▶ _INSTRUCTIONS TO FOLLOW_
The output must consist only of the lines from the one with "Пример написания русского" through the end of the listing, restated exactly and free of pictures.

▶ _SUPPLIED INFORMATION_

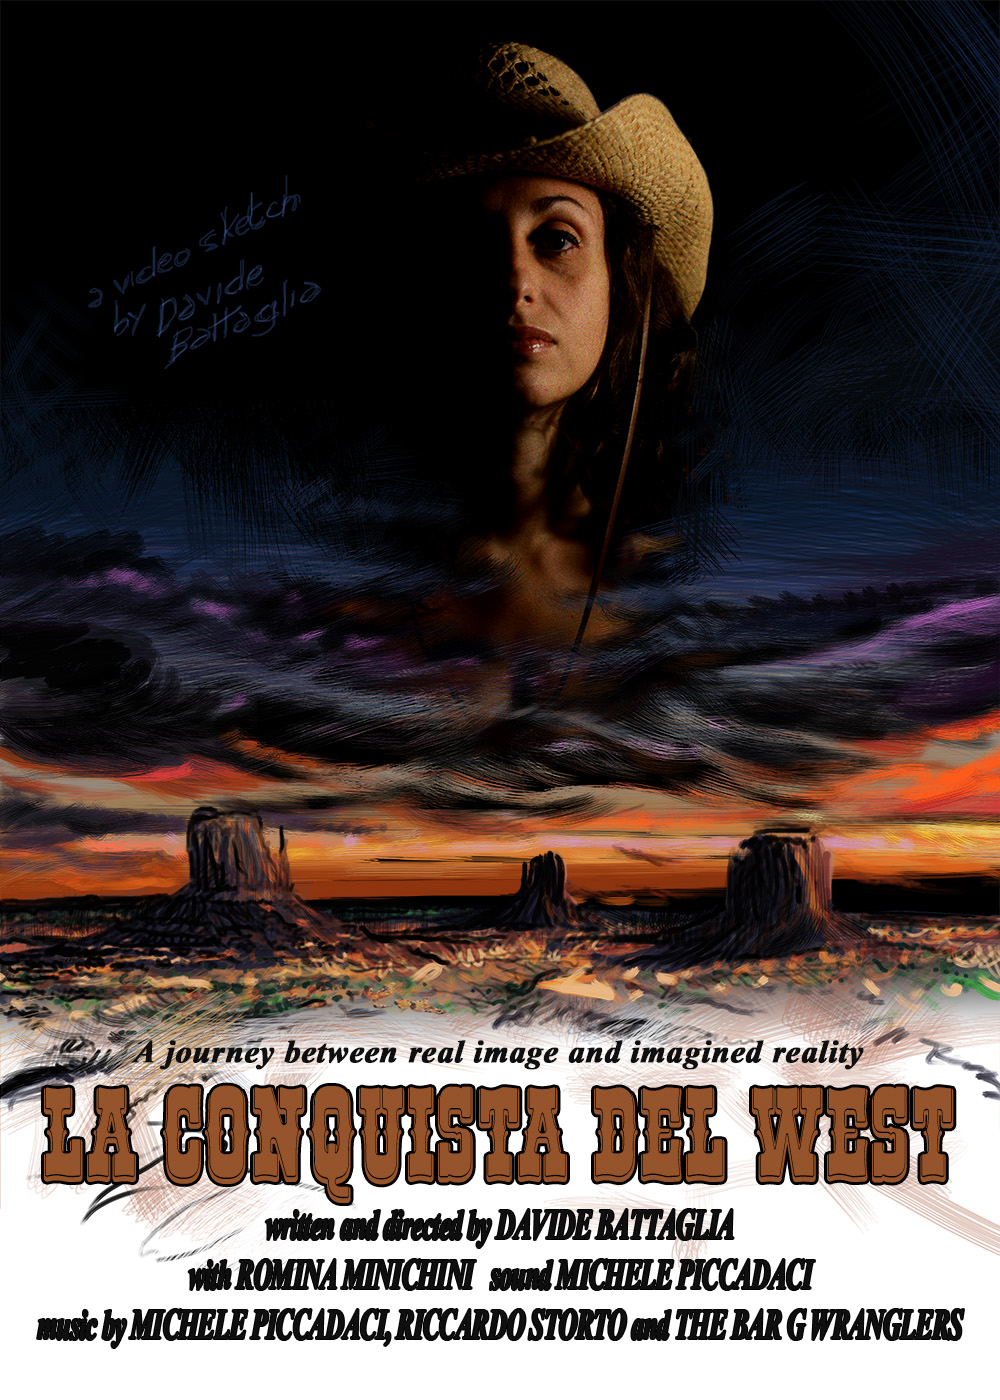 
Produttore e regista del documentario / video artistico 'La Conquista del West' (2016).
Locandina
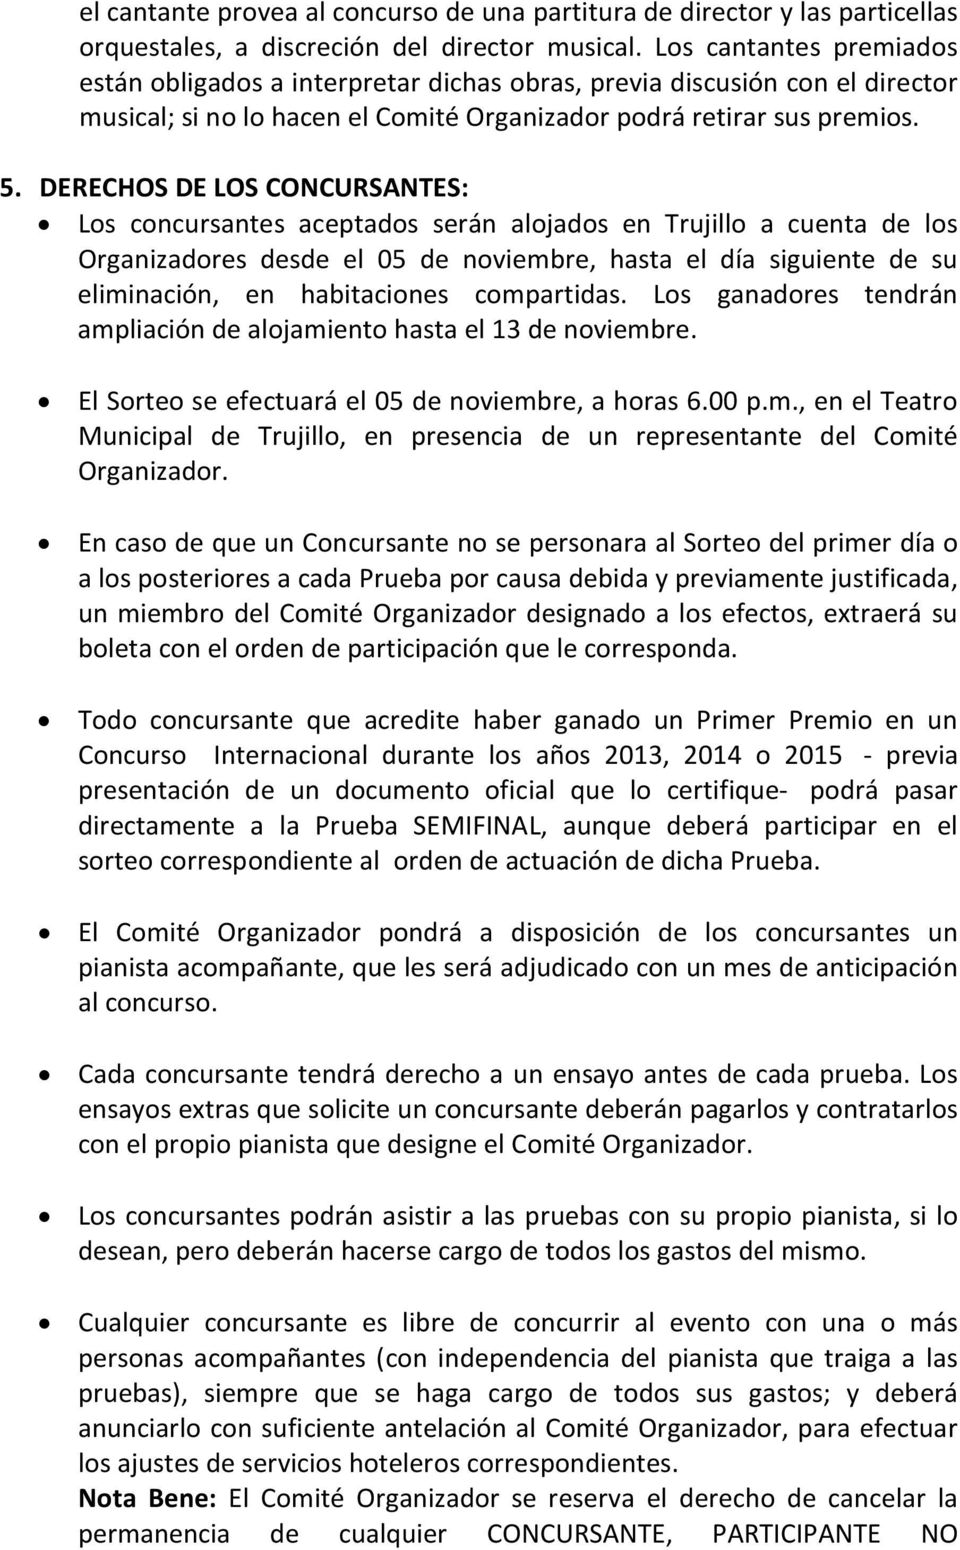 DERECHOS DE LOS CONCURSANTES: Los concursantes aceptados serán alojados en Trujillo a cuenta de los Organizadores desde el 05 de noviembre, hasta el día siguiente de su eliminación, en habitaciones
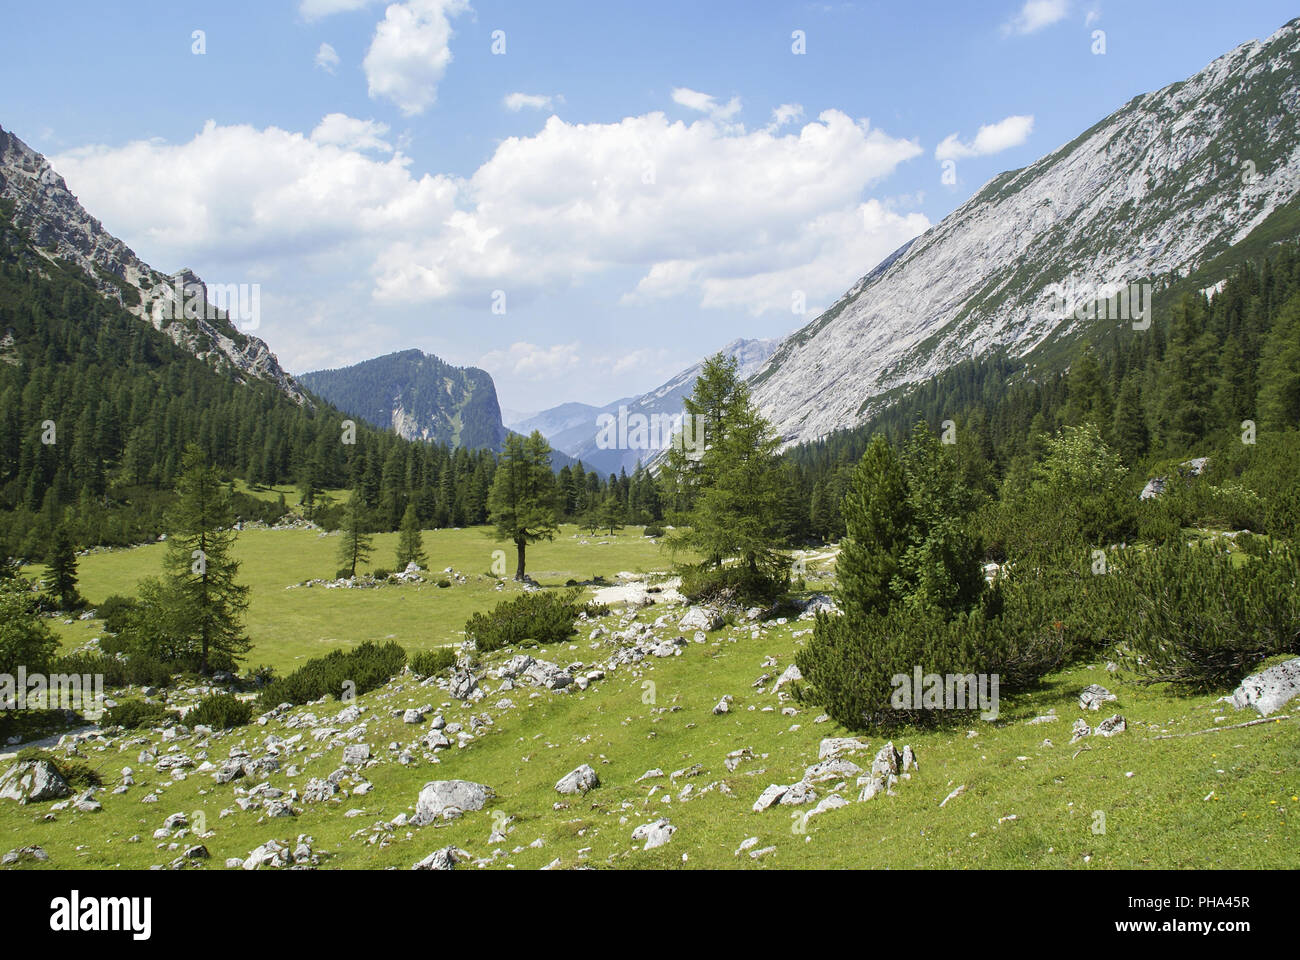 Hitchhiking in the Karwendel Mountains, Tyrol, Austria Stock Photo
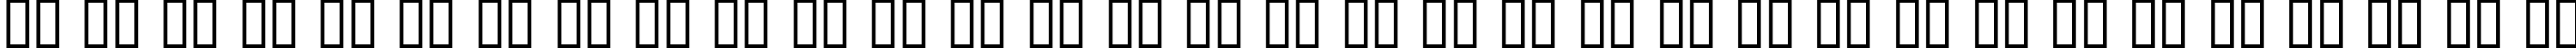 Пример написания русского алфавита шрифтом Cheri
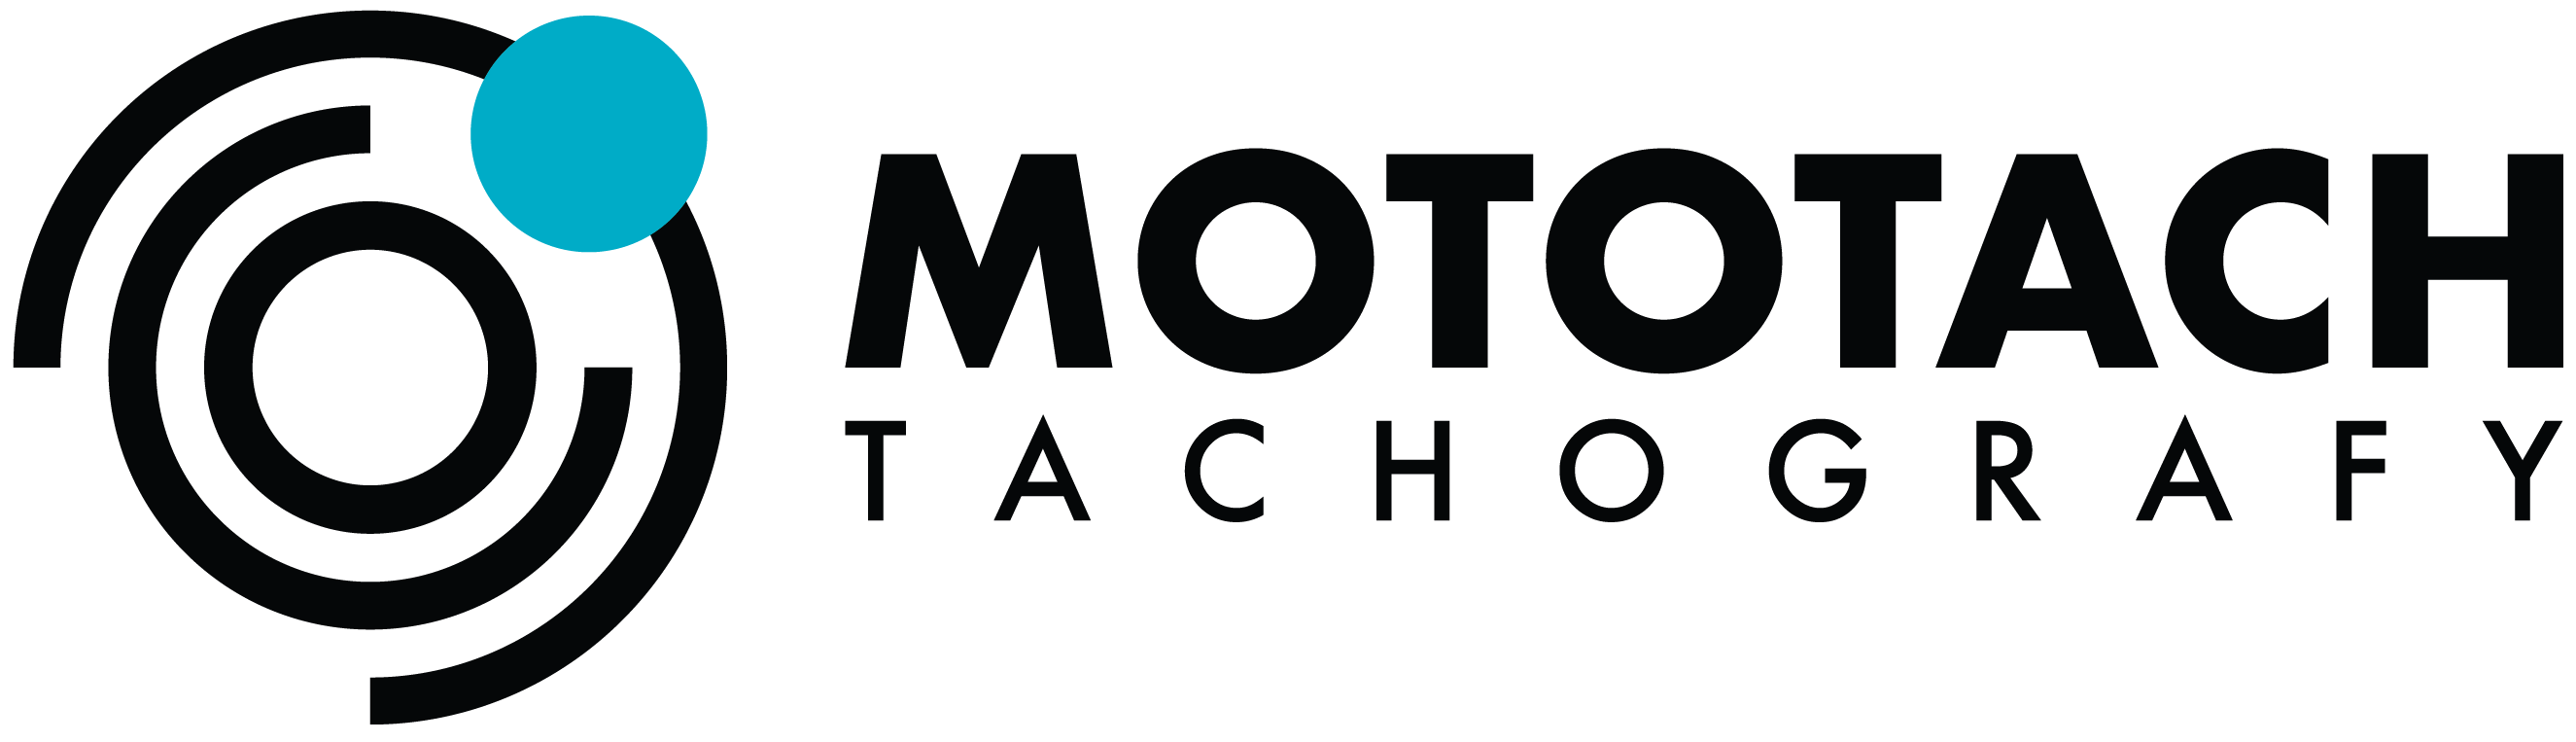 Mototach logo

▶ _OUTPUT OF THE EXERCISE_
 Пример написания русского алфавита шрифтом Cheri
 Mototach logo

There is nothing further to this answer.